● **TASK OBJECTIVE**: What is needed is a verbatim copy of the data, minus the pictures.

● **EXCERPTED DATA**:
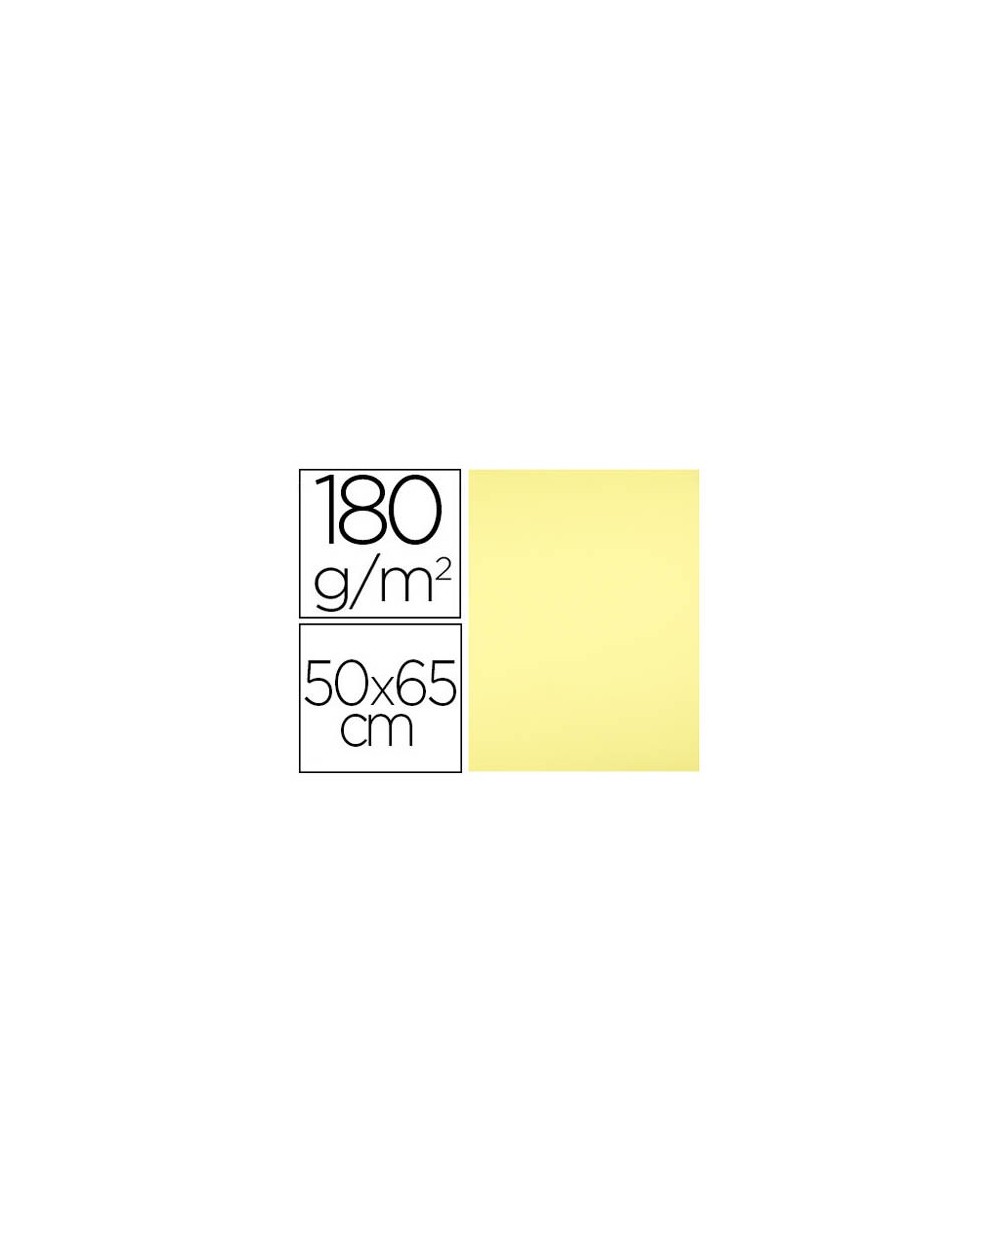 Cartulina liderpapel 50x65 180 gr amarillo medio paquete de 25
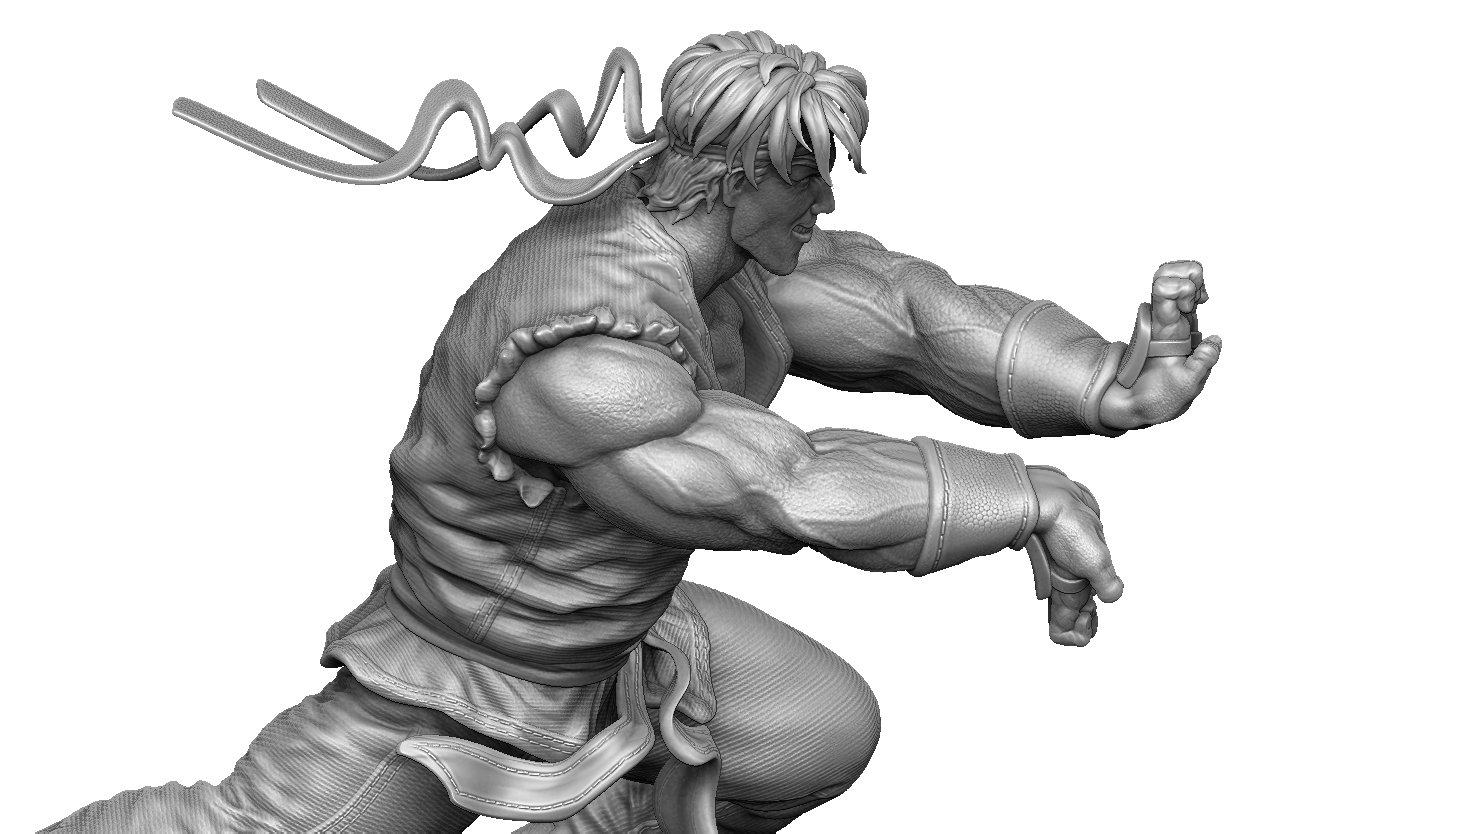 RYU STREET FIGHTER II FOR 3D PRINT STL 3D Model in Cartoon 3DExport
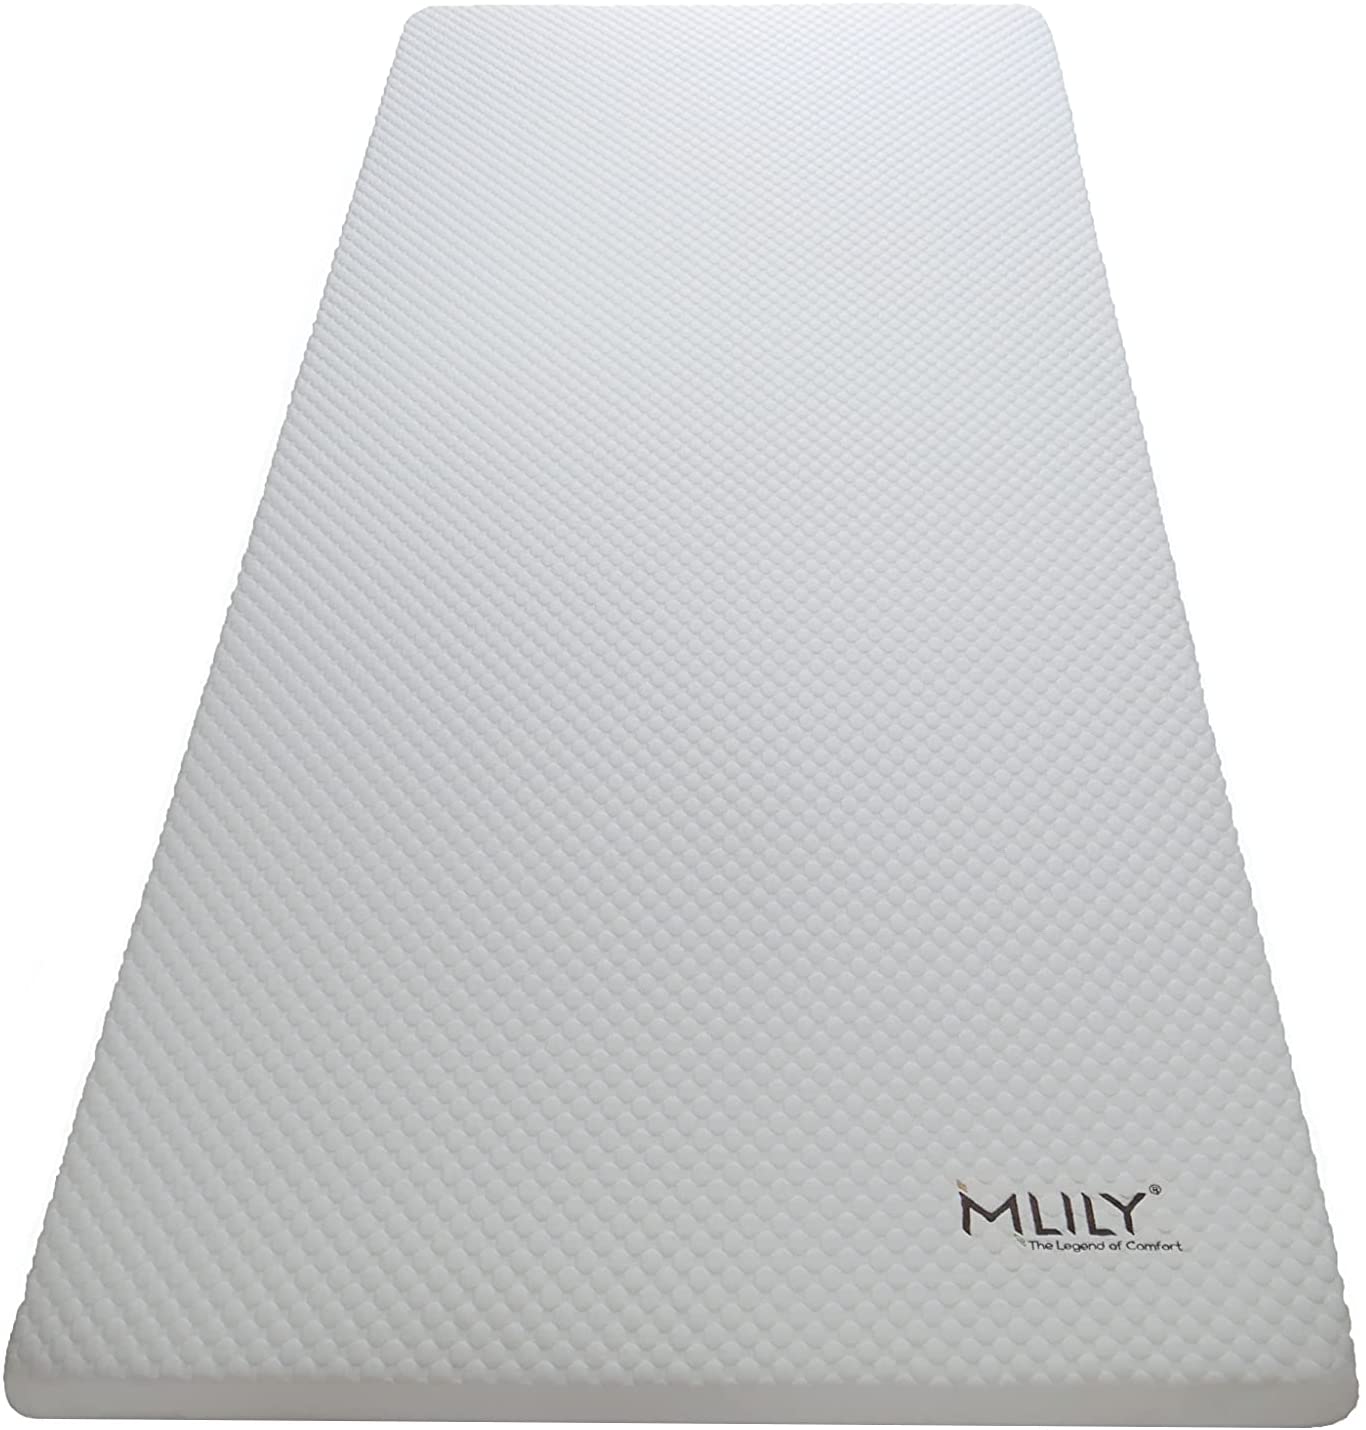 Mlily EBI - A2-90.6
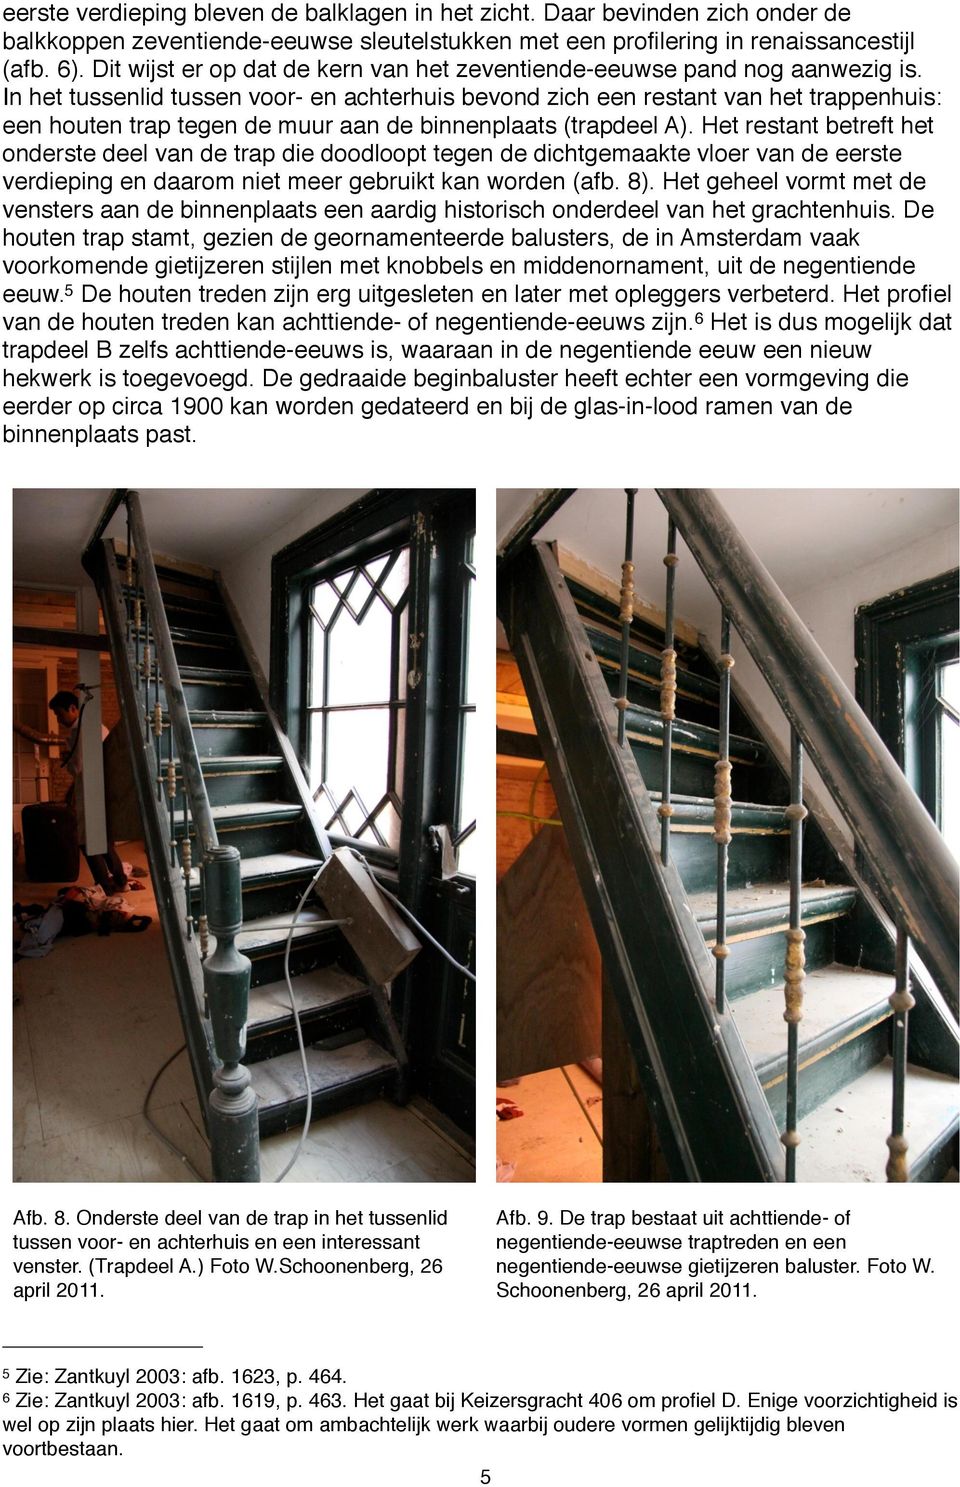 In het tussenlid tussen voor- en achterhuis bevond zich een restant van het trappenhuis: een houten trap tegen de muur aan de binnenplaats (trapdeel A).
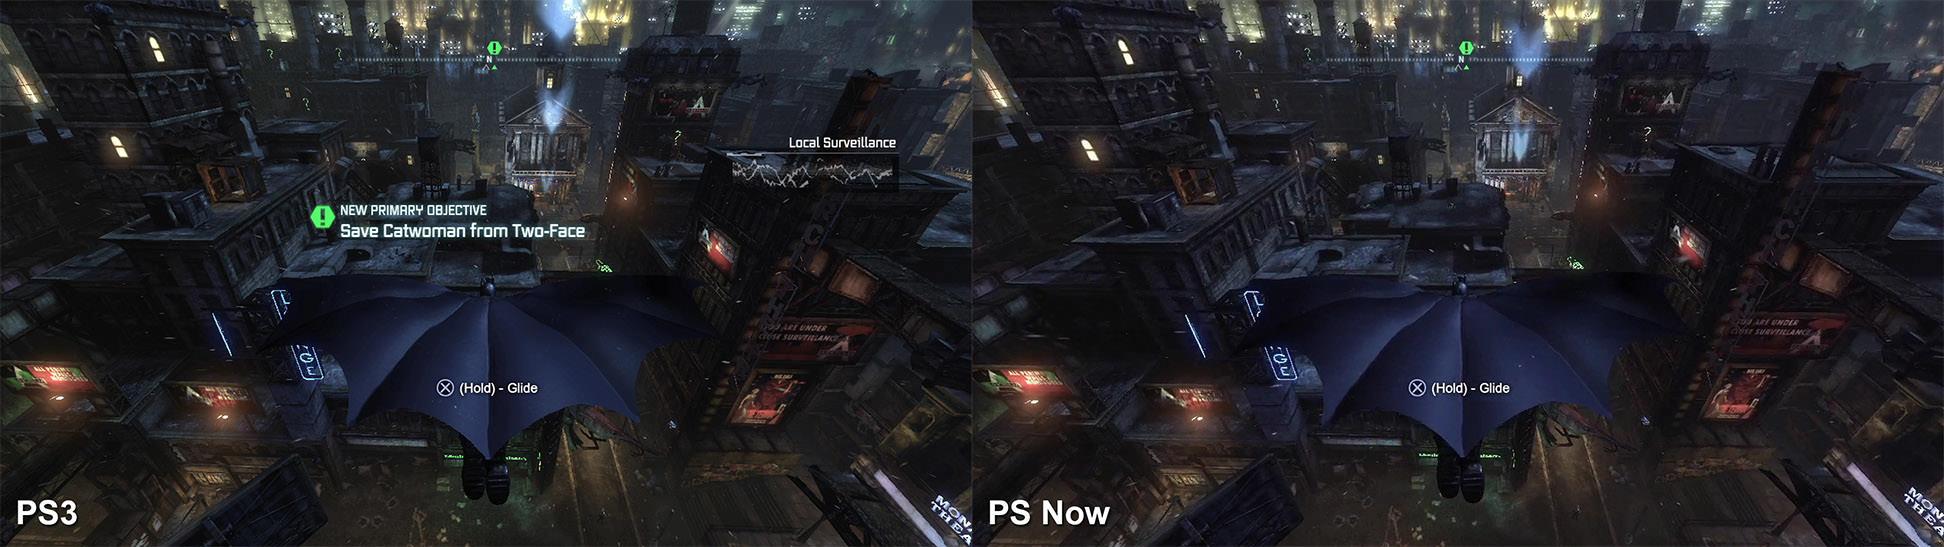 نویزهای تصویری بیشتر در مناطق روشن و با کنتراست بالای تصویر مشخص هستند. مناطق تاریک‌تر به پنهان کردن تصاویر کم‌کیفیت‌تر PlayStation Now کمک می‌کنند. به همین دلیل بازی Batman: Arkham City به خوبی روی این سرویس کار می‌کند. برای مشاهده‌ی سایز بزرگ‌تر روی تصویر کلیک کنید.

● **RESULT OF THIS EXERCISE**:
 Cartulina liderpapel 50x65 180 gr amarillo medio paquete de 25
 RYU STREET FIGHTER II FOR 3D PRINT STL 3D Model in Cartoon 3DExport
 Mlily EBI - A2-90.6
 In het tussenlid tussen voor- en achterhuis bevond zich een restant van het trappenhuis: een houten trap tegen de muur aan de binnenplaats (trapdeel A).
 نویزهای تصویری بیشتر در مناطق روشن و با کنتراست بالای تصویر مشخص هستند. مناطق تاریک‌تر به پنهان کردن تصاویر کم‌کیفیت‌تر PlayStation Now کمک می‌کنند. به همین دلیل بازی Batman: Arkham City به خوبی روی این سرویس کار می‌کند. برای مشاهده‌ی سایز بزرگ‌تر روی تصویر کلیک کنید.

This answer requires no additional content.